FCC Chair Looks To Reinstate Net Neutrality

The chairwoman of the Federal Communications Commission said Tuesday that she will be proposing an initiative that would reinstate rules for net neutrality that former President Donald Trump repealed during his time in the White House.

The proposal from Jessica Rosenworcel would ban broadband providers – such as Verizon, Comcast and AT&T – from either blocking or slowing down internet traffic to certain websites while speeding up the access to websites that pay them to do so.

Internet providers would also be barred from “unreasonably interfering or unreasonably disadvantaging consumers from going where they want and doing what they want on the internet,” she said.
Rules for net neutrality were first approved by the FCC in 2015, when former President Barack Obama was in office.

Rosenworcel said that there’s a need for them to return, as people have increasingly relied on the internet to power multiple aspects of their lives. This really came to the forefront, she said, during the COVID-19 pandemic.

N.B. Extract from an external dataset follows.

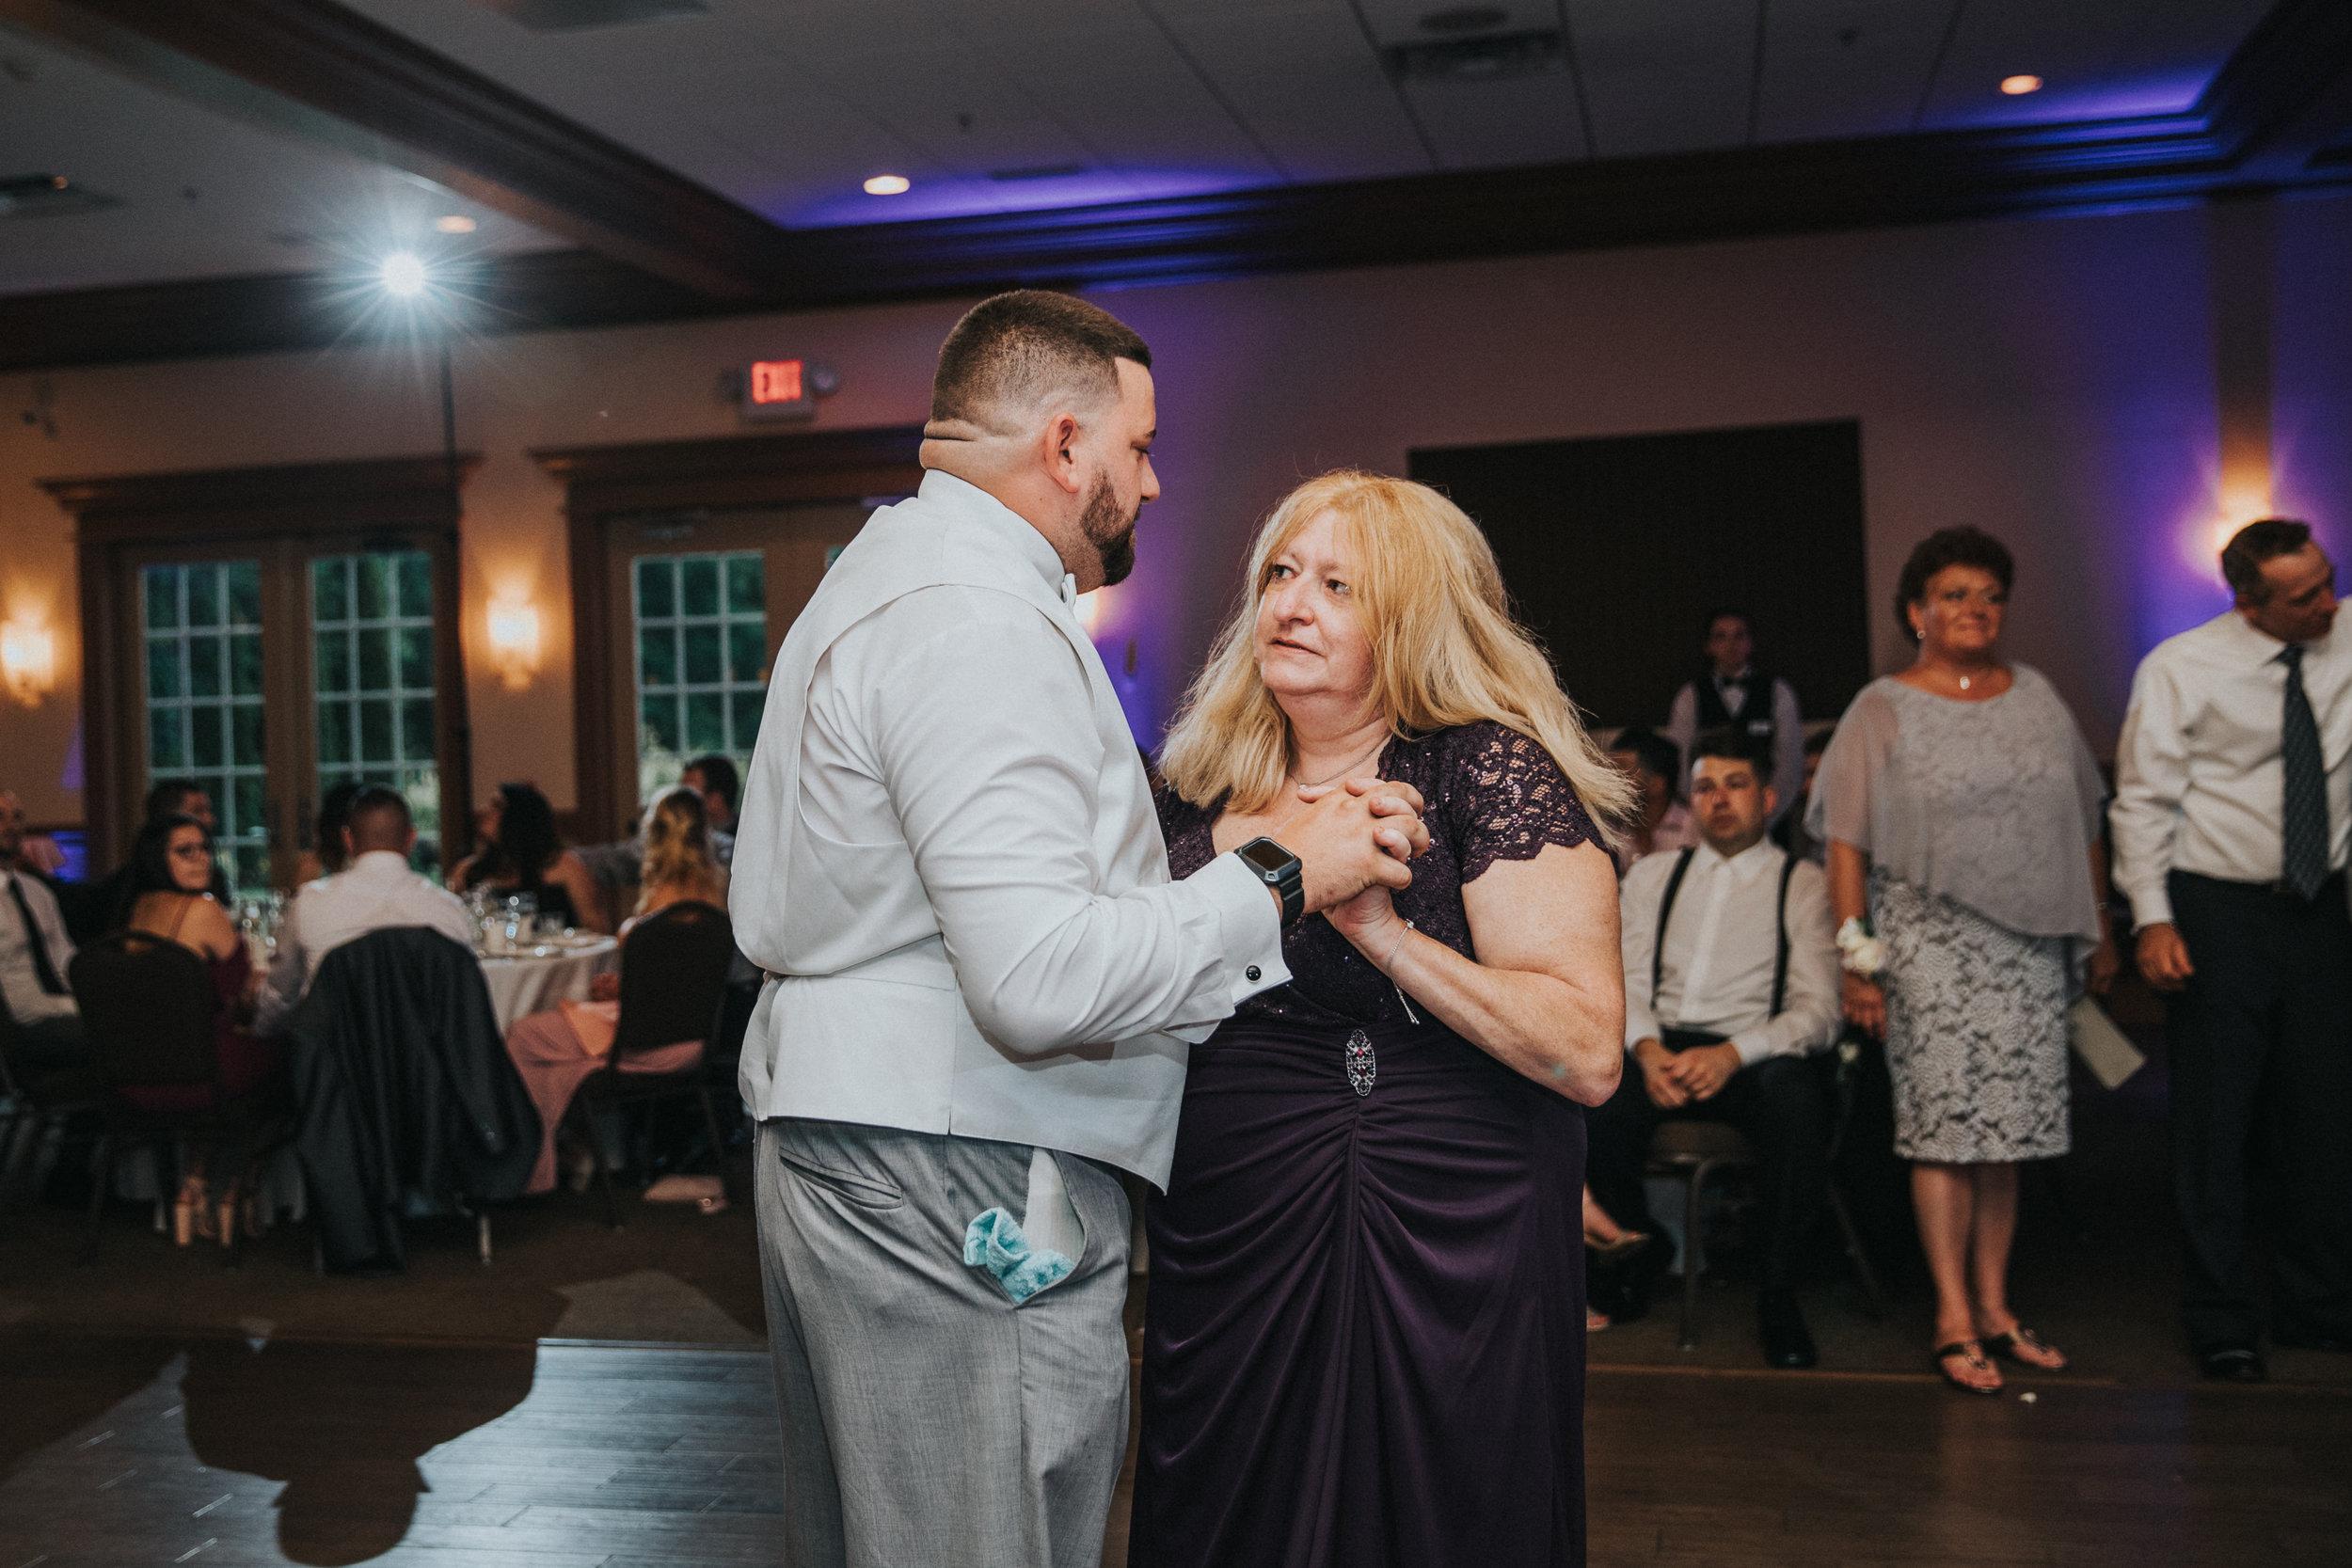 New-Jersey-Wedding-Photographer-JennaLynnPhotography-ValenzanoWinery-Reception-51.jpg

Speaking with the National Press Club this week, Rosenworcel said:

“[The pandemic] made crystal clear that broadband is no longer just nice to have. It’s a need-to-have for everyone, everywhere. It’s not a luxury; it’s a necessity. It is essential infrastructure for modern life.

“No one without it has a fair shot at 21st-century success. We need broadband to reach 100% of us, and we need it to be fast, open and fair.”

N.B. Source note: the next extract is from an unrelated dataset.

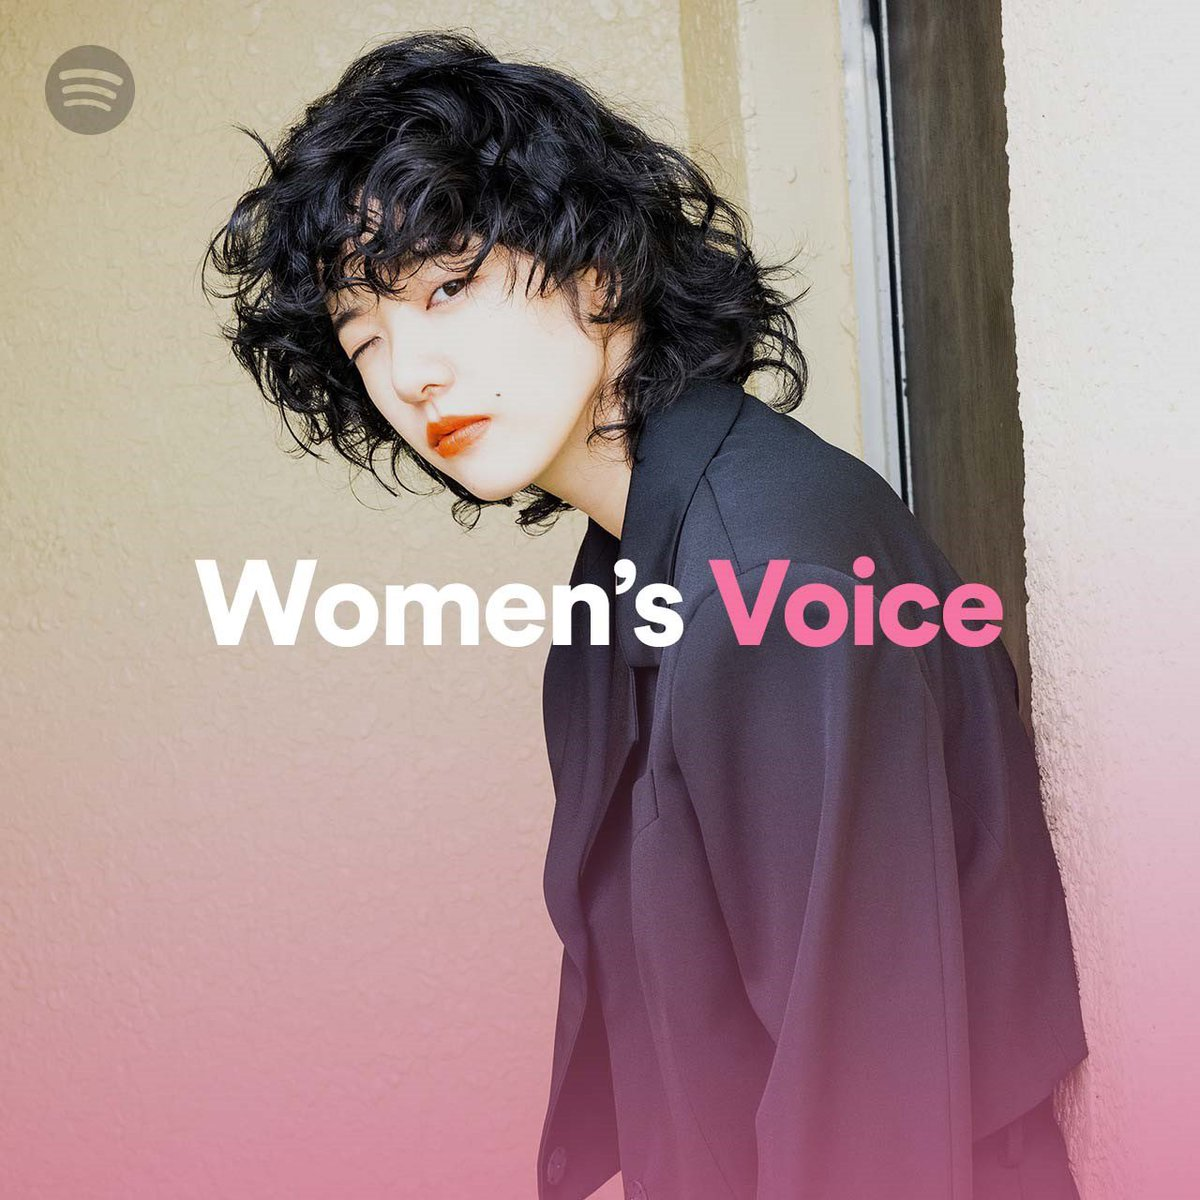 🤍NEWS🤍Spotifyのプレイリスト「Women's Voice」のカバーにあいみょん!新曲「ハート」が入っています。ぜひ聴いてみてください。#あいみょんハート #Spotify #ハンオシ

The announcement from Rosenworcel comes not long following the Senate’s confirmation of Anna Gomez for the FCC board. Gomez, who was sworn into her new position on Monday, fills the fifth spot on the commission, which breaks the deadlock that existed with two Democratic and two Republican commissioners.

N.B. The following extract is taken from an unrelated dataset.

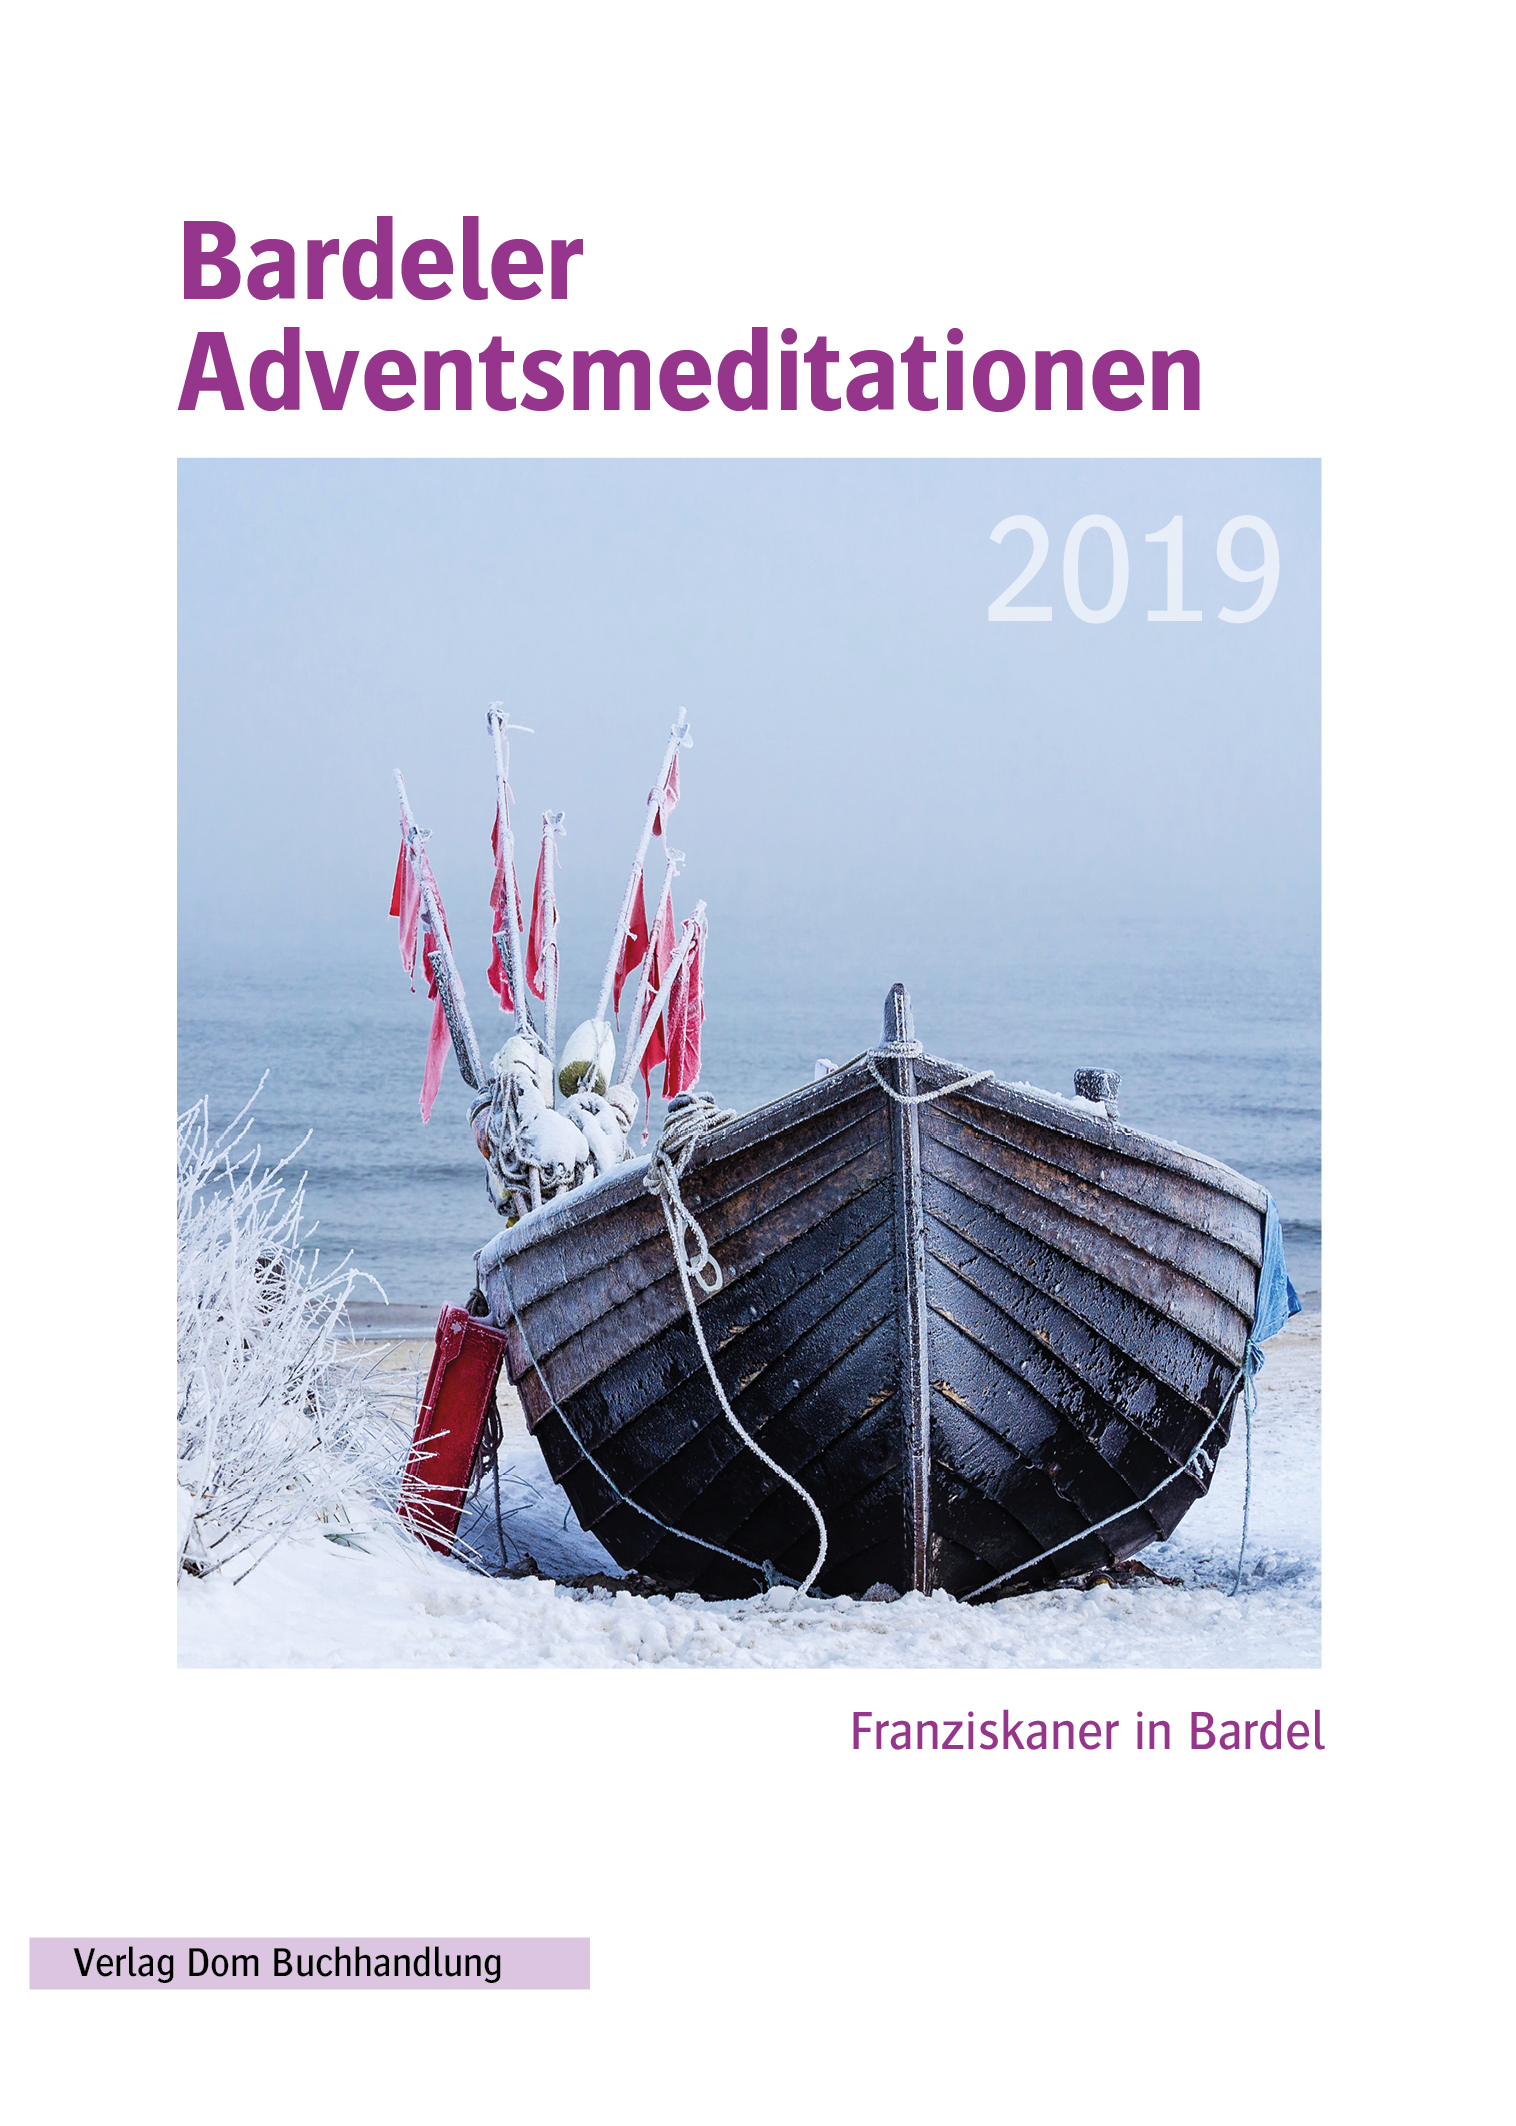 Bardeler Adventsmeditationen 2019

The FCC chairwoman said she’d release the full text of her proposal to reinstate net neutrality rules sometime this week. Her plan is to bring it before the full FCC for a vote sometime in the middle of October. If it passes, then it would start the rulemaking process in the agency.

The rules that she is proposing, she said, fall in line with what were approved under the Obama administration. Those didn’t last long, though, as they were rolled back pretty significantly when the GOP took control of the FCC in 2017.

As Rosenworcel said this week:

“I believe this repeal of net neutrality put the FCC on the wrong side of history, the wrong side of the law and the wrong side of the American public. It was not good then, and it makes even less sense now.”

Since the net neutrality rules were repealed a few years ago, multiple internet service providers have been found to be limiting speed or access to certain sites. Comcast, for example, was found to be limiting the quality of videos for subscribers of every mobile plan it offers, unless customers fork over extra money.

Other telecom companies have been found to slow down traffic from certain popular streaming apps such as Netflix and YouTube.